In Goleman’s new book, “Ecological Intelligence: The Hidden Impacts of What We Buy,” he illustrates consumers’ general illiteracy regarding green product branding and marketing strategies.  Essentially, Goleman’s pegged us on the behaviors we’ve been trying to stifle beneath a façade of social responsibility: we are passive consumers, whose purchase behaviors are influenced primarily by the marketing messages we are inundated with daily.

Worse yet, Goleman points out that even the pro-active consumers among us – the ones who go out in search of green and organic products – are buying items blind to their questionably green status. According to Goleman, just because it looks green and it says green, that doesn’t mean it is green—especially if the company making the green (profit) off of the product is the one who says it’s green. It’s an ugly game of he-said-she-said, and all that back and forth is making me a little green.

In the book, the Guru does what he does best: raises our understanding of the issue and calls on us to become empowered, literate, pro-active consumers who recognize the true nature of what is green.

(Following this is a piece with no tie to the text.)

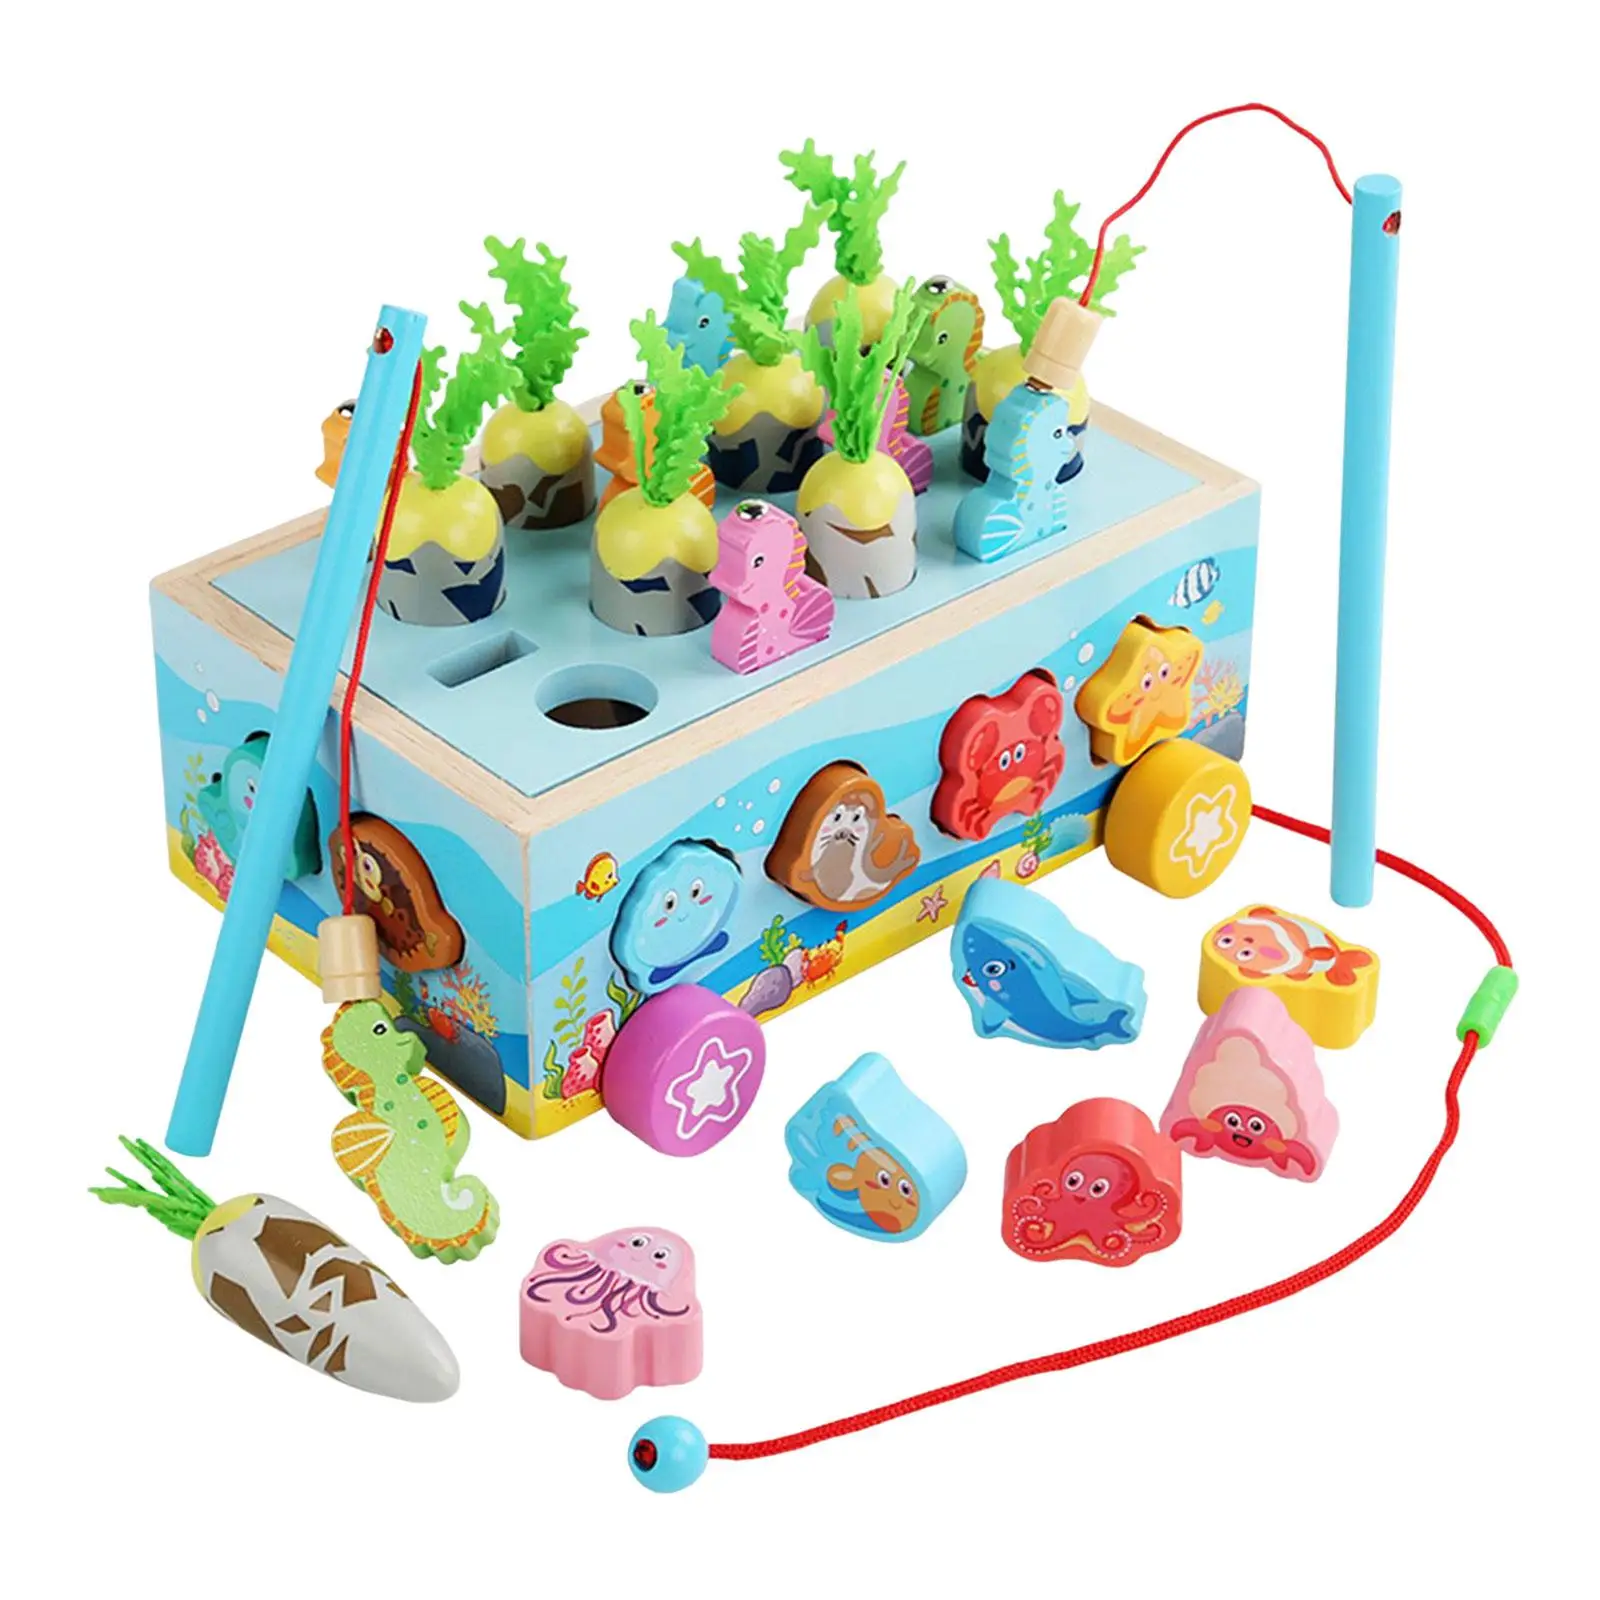 Montessori Wooden Shape Sorter Toys Educational Toys Fine Motor Skills Fishing Game Car with Animal Blocks for Girls Boys Gift
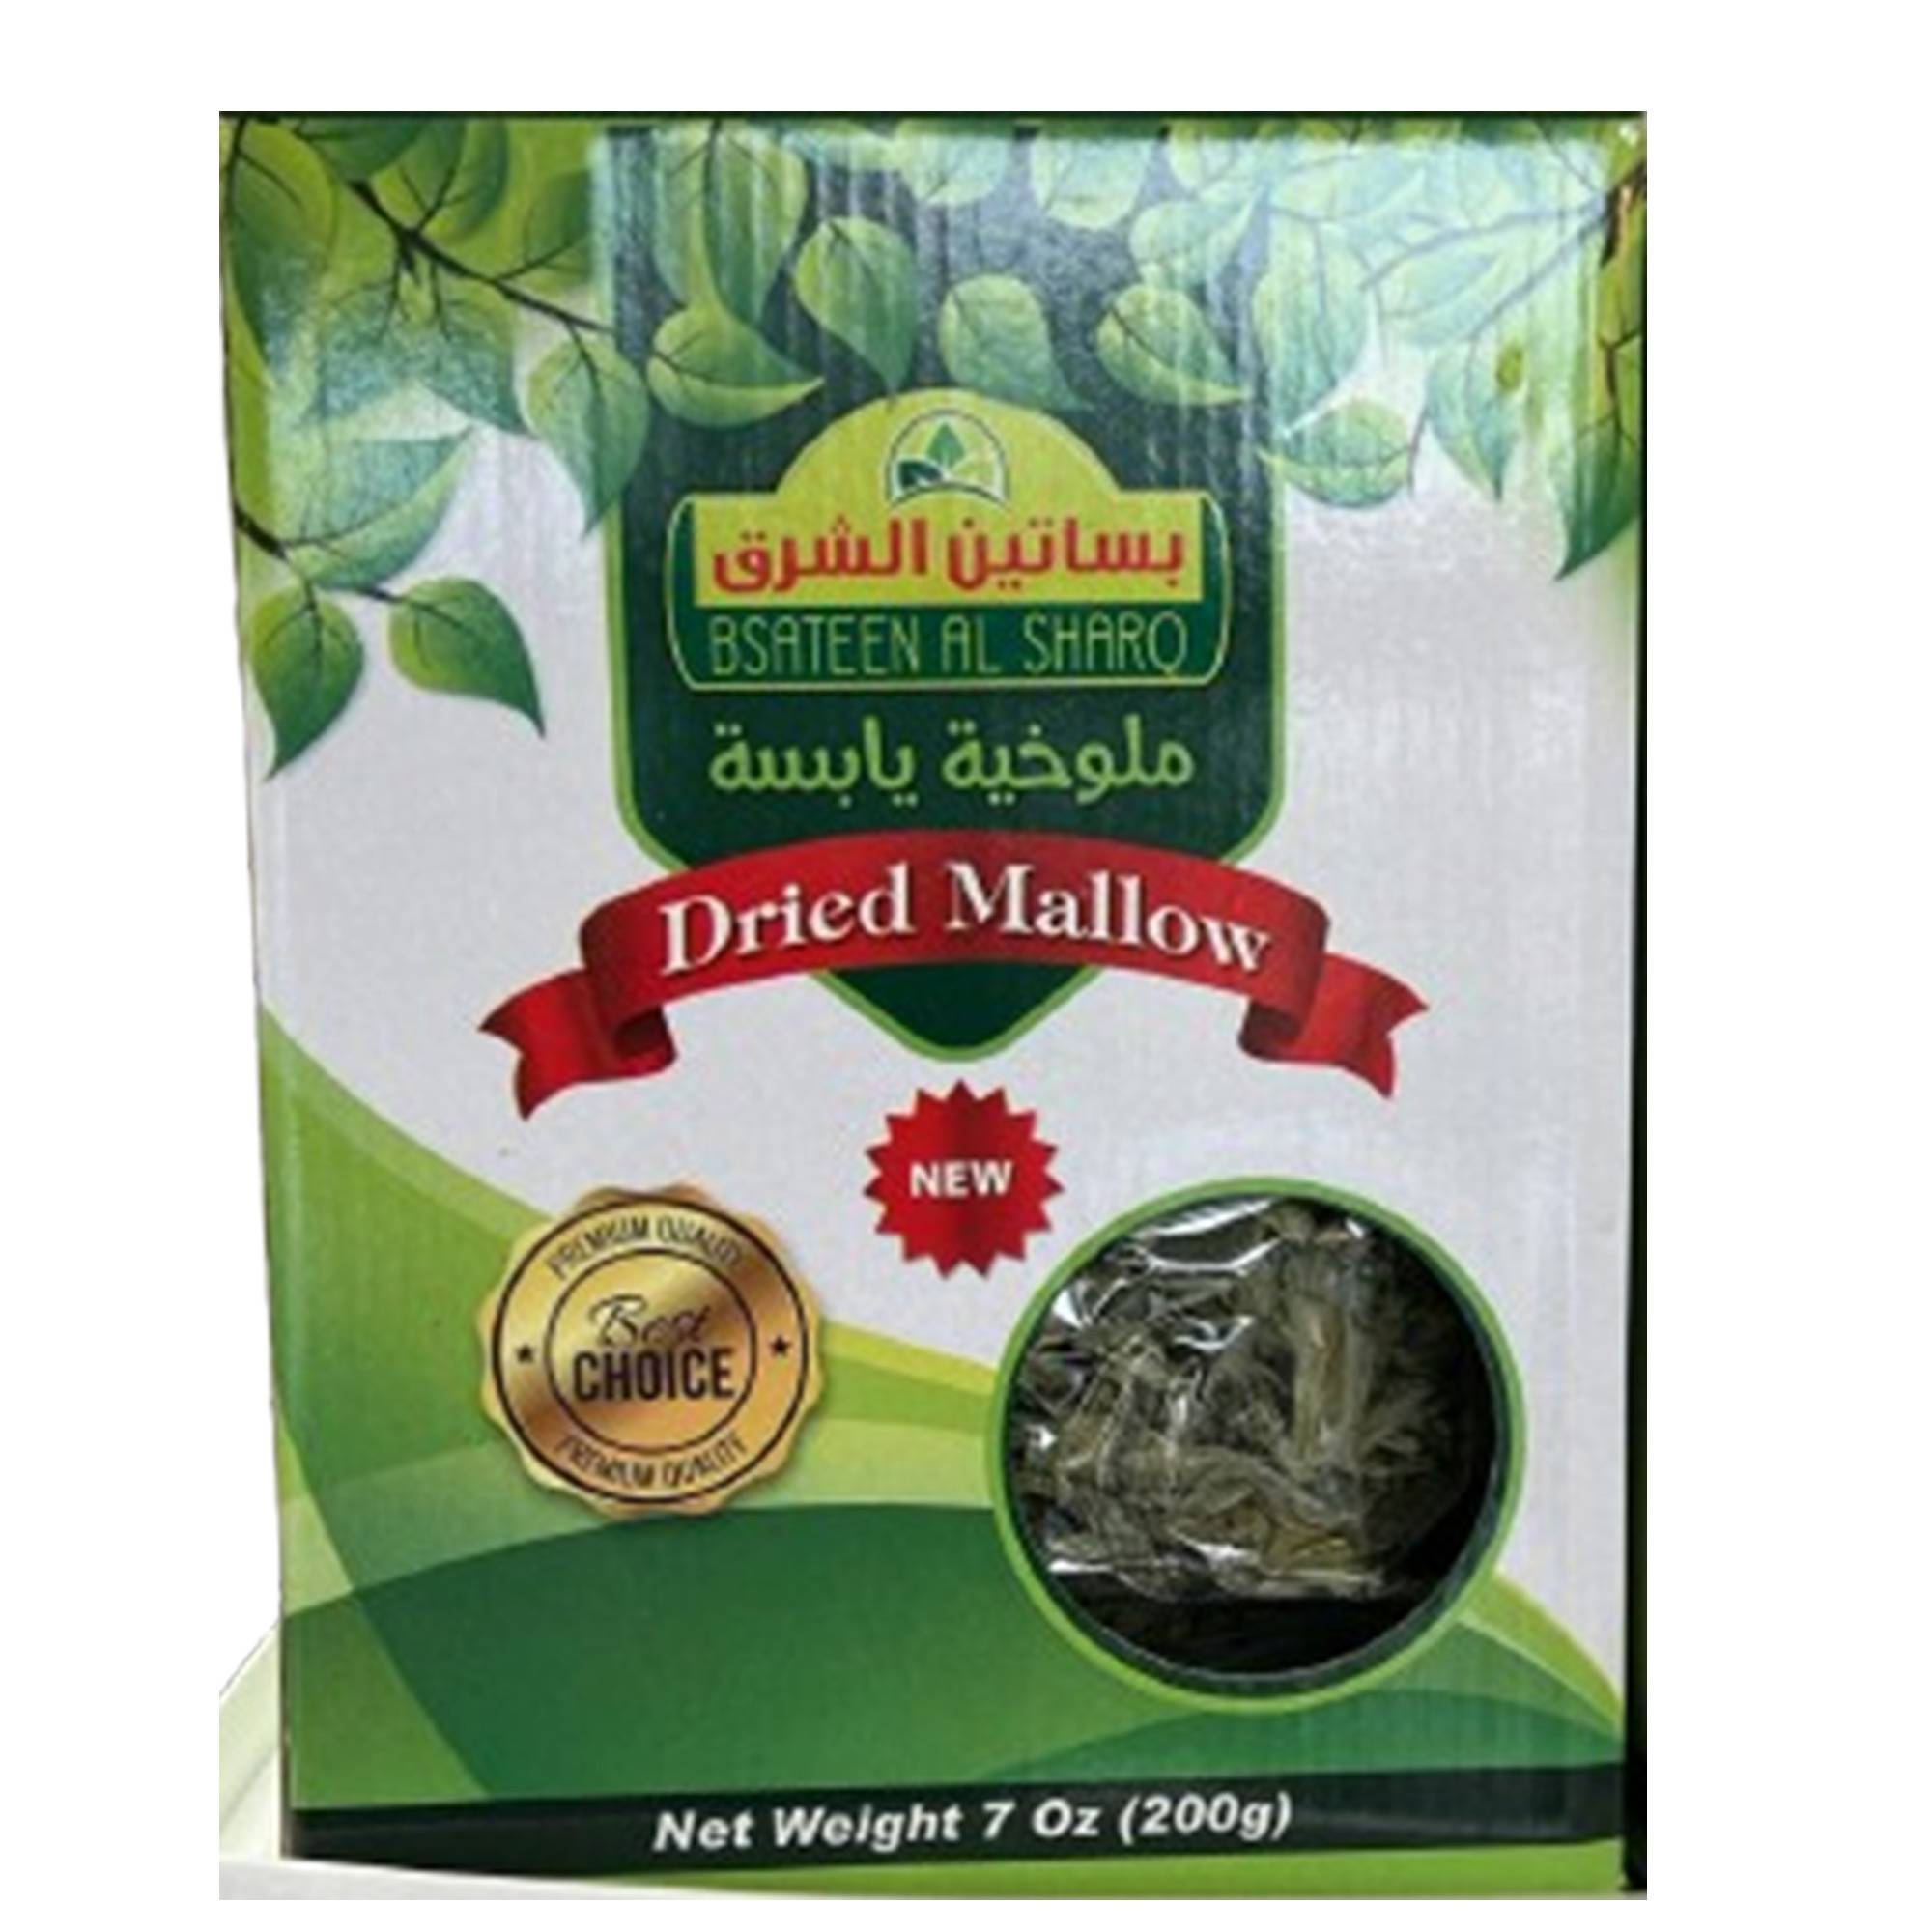 BASATEEN AL SHARQ Dried Mallow, 200g.

In Goleman’s world, once this newly empowered army of ecologically savvy consumers rises up against the wheels of big industry demanding truly ecologically sound products, companies will be forced to restructure their manufacturing processes and put only USDA certified green products on the market.

But I’m not buying it – no, not the green product; maybe, I’ll buy that—but I’m not buying Goleman’s theory.

Feel free to disagree, I welcome the discourse, but I don’t think that as I become more literate about green products and their manufacturers my purchase behaviors will change. Sure, I desire a healthy world for the generations to come, and I’d like to do my part to help that happen. But it’s simpler than that: I have a bottom line, too.  When my time comes in line at the grocery store, I only have a certain amount of change in my pocket – and that change will determine what I am able to purchase. Much like your neighborhood grocery, if you’ll visit peapod.com, you’ll see a head of nonorganic broccoli at .99¢, versus a head of organic broccoli at $2.99. I’d rather take the value and keep the change.

Goleman isn’t the only one talking green; the movement has garnered attention from consumers and vendors alike. As the pocket of consumers who appreciated green products grew, green marketing certainly gained ground as an “innovative” strategy to produce gains for a brand. But in a recession where cost is king, how can a brand benefit from green marketing?

I’ve never put much stock in the capability of green product marketing to produce actual financial gains for a company. As an example, Business.gov offers green marketing tips and strategies to help your company “add green claims to your products that enhance brand image” and help garner a larger purchase audience –one which includes those eco-savvy elite who can afford the pay the difference.

Yes, elite. With hybrid vehicles driven by celebrities and the rise in specialty grocers offering gourmet eco-friendly eats, it’s easy to see how “going green” is an image thing. You’d like to be seeing buying the right product, the one that says “I care,” but when there isn’t an audience, would you still buy it for yourself?

I read Daniel Goleman’s “Emotional Intelligence,” as part of course curriculum in school.  In that book, he told me what being smart really meant.  Perhaps with that literacy, I’ll call out the green issue from a removed perspective: will going green actually increase brand success, if consumers can’t discern the messages? And why should companies invest in green marketing strategies if consumers can’t afford to care?

Goleman points out that our better world will come when doing what’s right for the environment becomes synonymous with doing what’s right for a company’s bottom line. Already it seems, the bottom line isn’t everything. B corporations have emerged with a Declaration of Interdependence, a mission to “use the power of private enterprise to create public benefit.” Though still a newborn movement, I believe that with their help, what little altruism I have  left in me can jump on board –as long as “going green” will keep the “green” in my wallet.